Segment Open

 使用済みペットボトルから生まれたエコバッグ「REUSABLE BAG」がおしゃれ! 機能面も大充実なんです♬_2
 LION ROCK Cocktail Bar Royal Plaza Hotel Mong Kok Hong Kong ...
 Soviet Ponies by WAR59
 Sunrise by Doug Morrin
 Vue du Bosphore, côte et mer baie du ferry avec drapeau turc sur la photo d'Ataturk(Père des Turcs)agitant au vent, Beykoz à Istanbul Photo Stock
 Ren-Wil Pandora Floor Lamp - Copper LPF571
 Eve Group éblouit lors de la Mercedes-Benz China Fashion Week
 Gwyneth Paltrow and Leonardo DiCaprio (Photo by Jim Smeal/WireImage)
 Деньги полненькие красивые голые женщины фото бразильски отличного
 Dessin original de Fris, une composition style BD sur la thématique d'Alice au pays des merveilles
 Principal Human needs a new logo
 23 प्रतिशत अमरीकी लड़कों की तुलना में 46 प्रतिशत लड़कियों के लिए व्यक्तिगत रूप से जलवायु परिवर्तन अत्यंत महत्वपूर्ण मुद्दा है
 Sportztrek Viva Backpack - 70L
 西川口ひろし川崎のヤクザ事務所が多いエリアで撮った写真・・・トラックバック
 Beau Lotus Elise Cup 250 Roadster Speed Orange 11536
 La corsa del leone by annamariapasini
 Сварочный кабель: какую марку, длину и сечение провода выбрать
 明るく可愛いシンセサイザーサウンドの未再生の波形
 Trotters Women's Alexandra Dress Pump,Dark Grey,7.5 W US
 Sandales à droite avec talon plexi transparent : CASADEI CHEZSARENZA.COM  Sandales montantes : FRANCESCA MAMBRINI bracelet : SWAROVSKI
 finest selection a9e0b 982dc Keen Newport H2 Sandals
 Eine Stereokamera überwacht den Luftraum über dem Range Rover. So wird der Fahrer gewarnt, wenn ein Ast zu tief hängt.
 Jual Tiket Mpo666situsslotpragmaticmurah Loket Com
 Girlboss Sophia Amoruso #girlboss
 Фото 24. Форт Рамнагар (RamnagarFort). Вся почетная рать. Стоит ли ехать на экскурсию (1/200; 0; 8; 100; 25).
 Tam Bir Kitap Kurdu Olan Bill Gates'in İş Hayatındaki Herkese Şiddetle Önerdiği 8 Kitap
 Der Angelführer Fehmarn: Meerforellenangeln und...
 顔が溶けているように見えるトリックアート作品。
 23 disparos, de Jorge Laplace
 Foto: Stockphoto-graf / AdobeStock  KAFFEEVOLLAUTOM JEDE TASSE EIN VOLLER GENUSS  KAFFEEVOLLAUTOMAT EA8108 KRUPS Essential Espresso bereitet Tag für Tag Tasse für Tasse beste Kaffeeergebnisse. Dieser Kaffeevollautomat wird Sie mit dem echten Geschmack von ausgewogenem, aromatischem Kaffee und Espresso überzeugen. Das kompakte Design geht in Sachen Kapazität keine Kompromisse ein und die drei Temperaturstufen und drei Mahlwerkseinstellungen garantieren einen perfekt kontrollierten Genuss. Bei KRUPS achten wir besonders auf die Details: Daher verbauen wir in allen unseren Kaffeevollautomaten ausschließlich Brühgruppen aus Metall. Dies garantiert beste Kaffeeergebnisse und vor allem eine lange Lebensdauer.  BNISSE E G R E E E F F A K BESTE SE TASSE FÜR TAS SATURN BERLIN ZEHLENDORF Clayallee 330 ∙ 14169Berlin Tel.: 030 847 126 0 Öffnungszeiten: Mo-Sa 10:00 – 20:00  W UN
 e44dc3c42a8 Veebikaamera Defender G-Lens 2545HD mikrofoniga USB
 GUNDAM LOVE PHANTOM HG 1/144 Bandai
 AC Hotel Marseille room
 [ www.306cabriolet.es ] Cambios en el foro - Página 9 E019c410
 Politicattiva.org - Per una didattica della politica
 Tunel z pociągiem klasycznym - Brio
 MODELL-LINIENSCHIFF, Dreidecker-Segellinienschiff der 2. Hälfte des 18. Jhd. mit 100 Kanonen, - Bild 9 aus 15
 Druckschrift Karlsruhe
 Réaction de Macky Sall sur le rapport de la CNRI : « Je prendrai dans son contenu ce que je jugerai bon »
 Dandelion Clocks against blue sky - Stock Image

Segment Closed

• [YOUR OBJECTIVE]
Filter the entries down to the lines that include the string "wird".

• [RESULT OF THIS EXERCISE]
 Eine Stereokamera überwacht den Luftraum über dem Range Rover. So wird der Fahrer gewarnt, wenn ein Ast zu tief hängt.
 Foto: Stockphoto-graf / AdobeStock  KAFFEEVOLLAUTOM JEDE TASSE EIN VOLLER GENUSS  KAFFEEVOLLAUTOMAT EA8108 KRUPS Essential Espresso bereitet Tag für Tag Tasse für Tasse beste Kaffeeergebnisse. Dieser Kaffeevollautomat wird Sie mit dem echten Geschmack von ausgewogenem, aromatischem Kaffee und Espresso überzeugen. Das kompakte Design geht in Sachen Kapazität keine Kompromisse ein und die drei Temperaturstufen und drei Mahlwerkseinstellungen garantieren einen perfekt kontrollierten Genuss. Bei KRUPS achten wir besonders auf die Details: Daher verbauen wir in allen unseren Kaffeevollautomaten ausschließlich Brühgruppen aus Metall. Dies garantiert beste Kaffeeergebnisse und vor allem eine lange Lebensdauer.  BNISSE E G R E E E F F A K BESTE SE TASSE FÜR TAS SATURN BERLIN ZEHLENDORF Clayallee 330 ∙ 14169Berlin Tel.: 030 847 126 0 Öffnungszeiten: Mo-Sa 10:00 – 20:00  W UN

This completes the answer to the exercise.